Exactly the lines from the one containing "Factsheet - IROP v roce 2020 – leden 2021" through the end of the records must be reproduced; leave out all pictures.
────
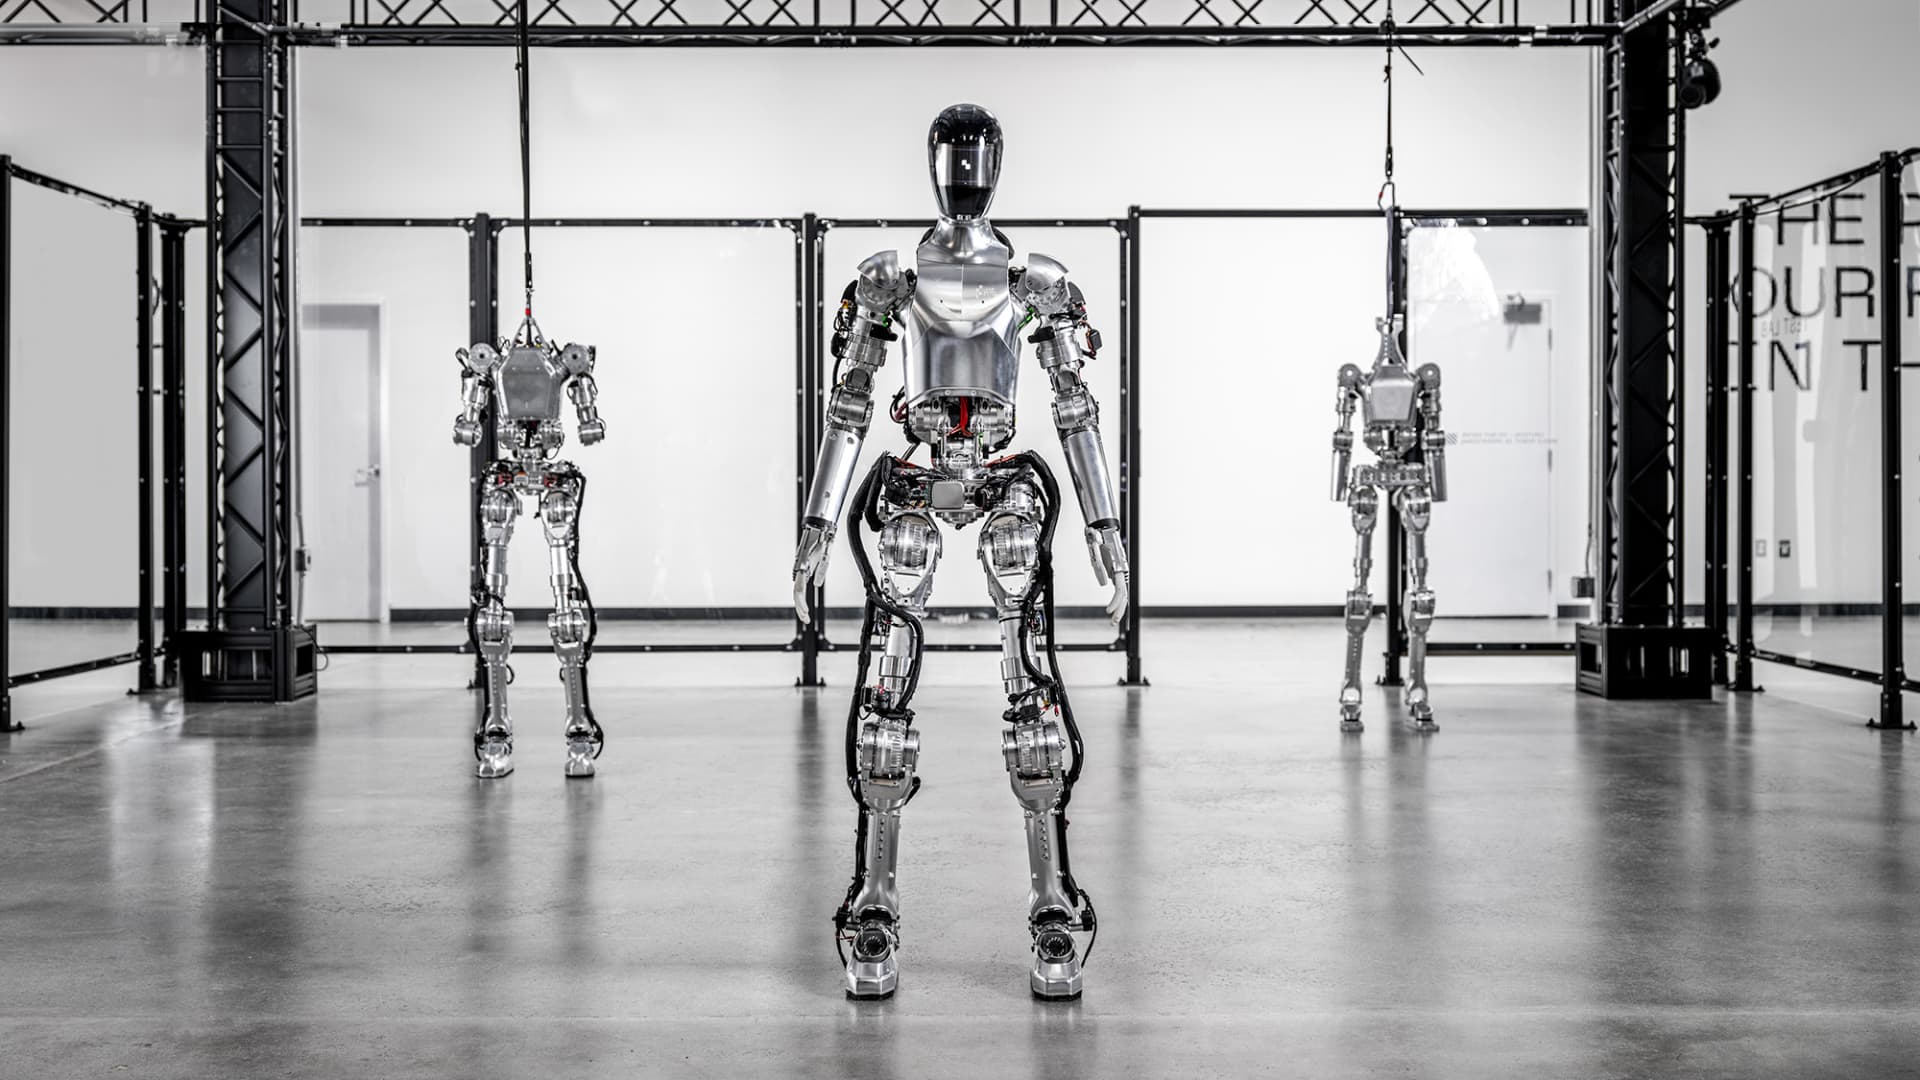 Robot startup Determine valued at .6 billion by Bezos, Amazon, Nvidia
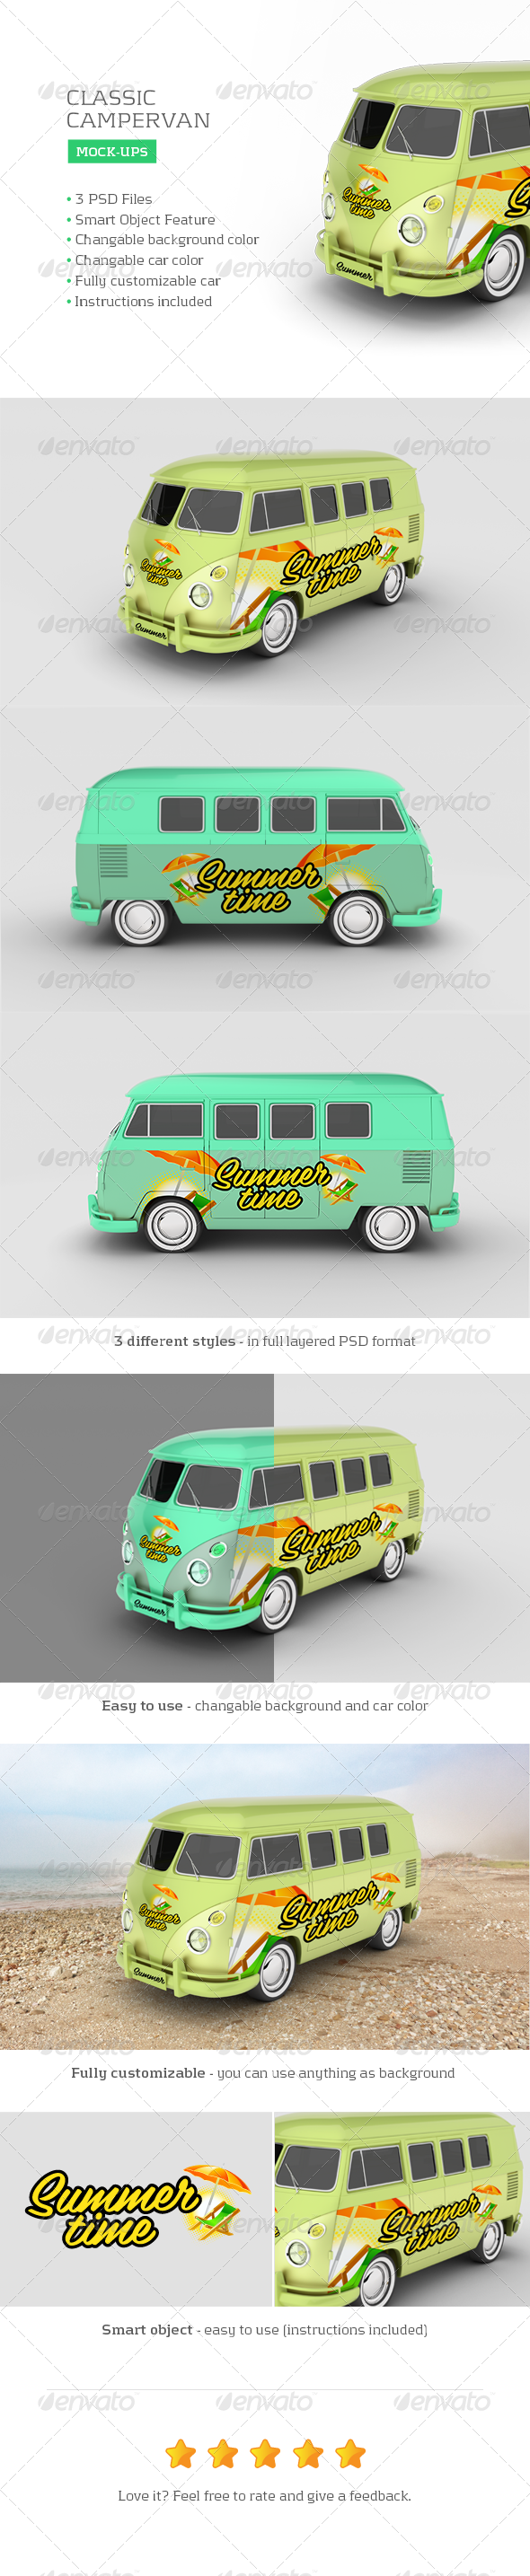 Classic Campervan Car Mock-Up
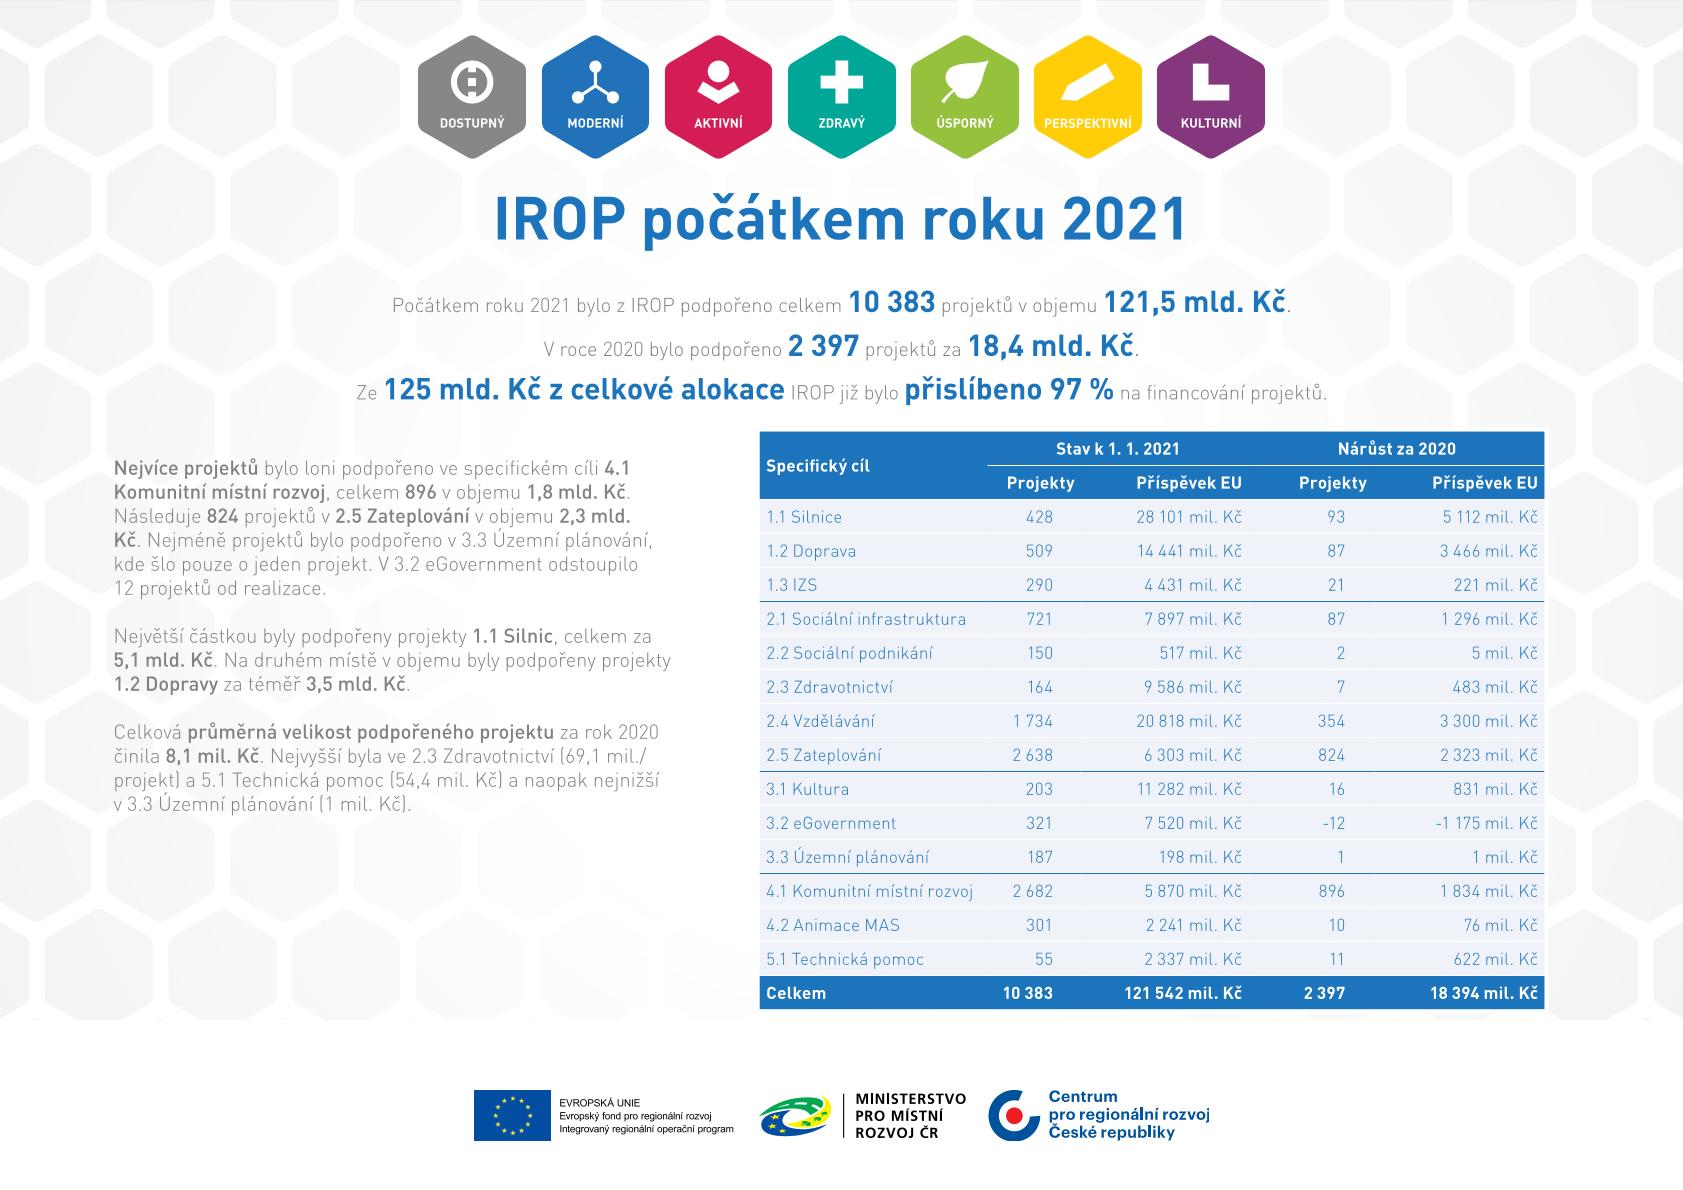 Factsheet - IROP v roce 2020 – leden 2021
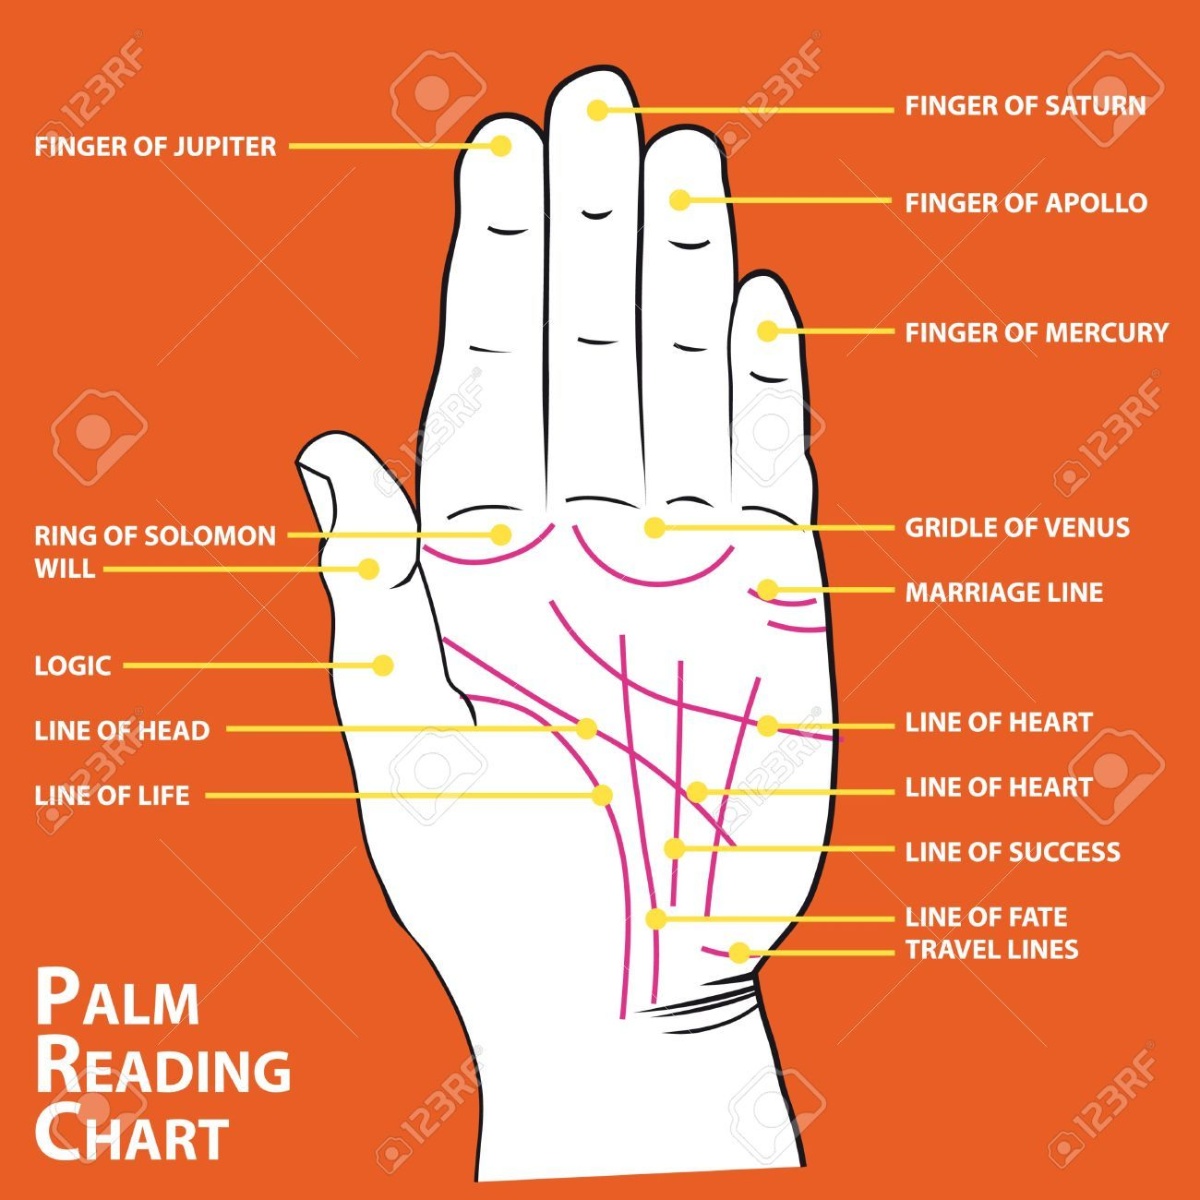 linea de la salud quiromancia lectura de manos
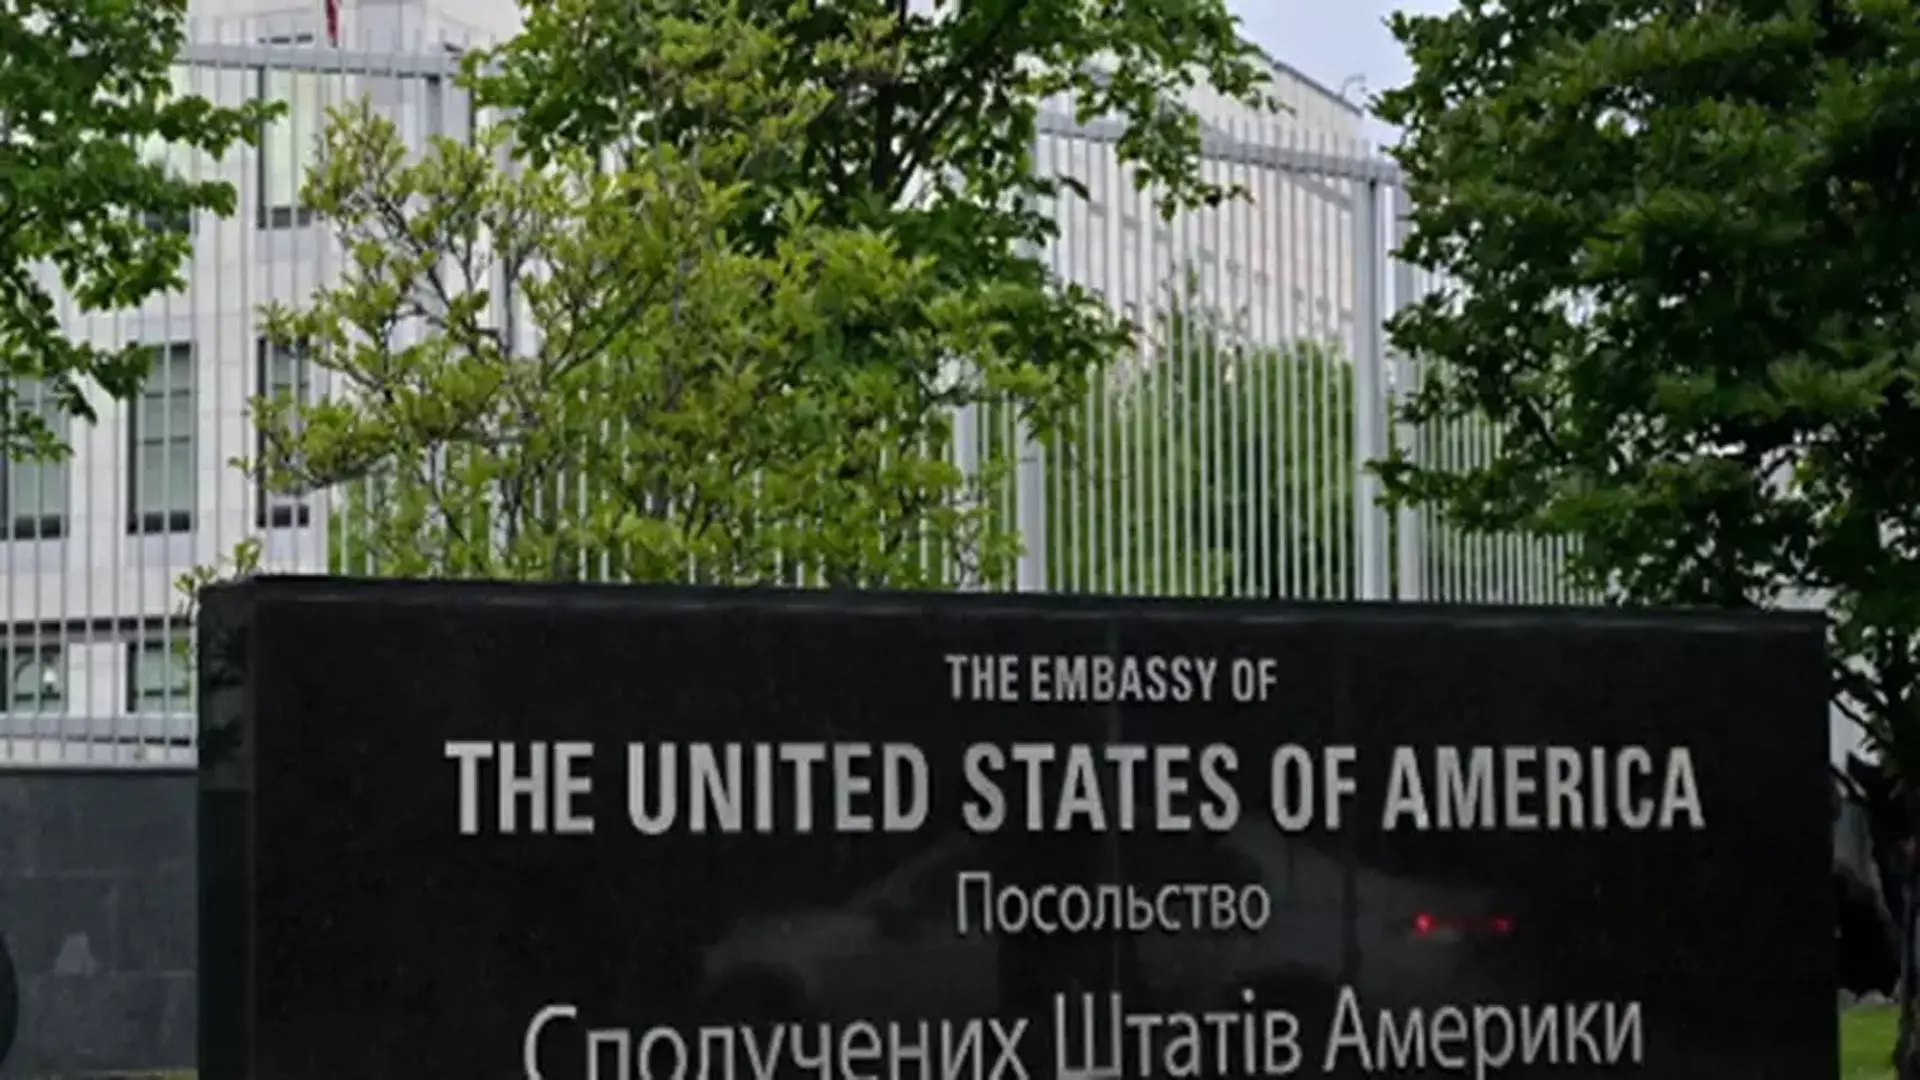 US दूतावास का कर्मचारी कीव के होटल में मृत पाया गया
────
Task solution:
 Factsheet - IROP v roce 2020 – leden 2021
 linea de la salud quiromancia lectura de manos
 US दूतावास का कर्मचारी कीव के होटल में मृत पाया गया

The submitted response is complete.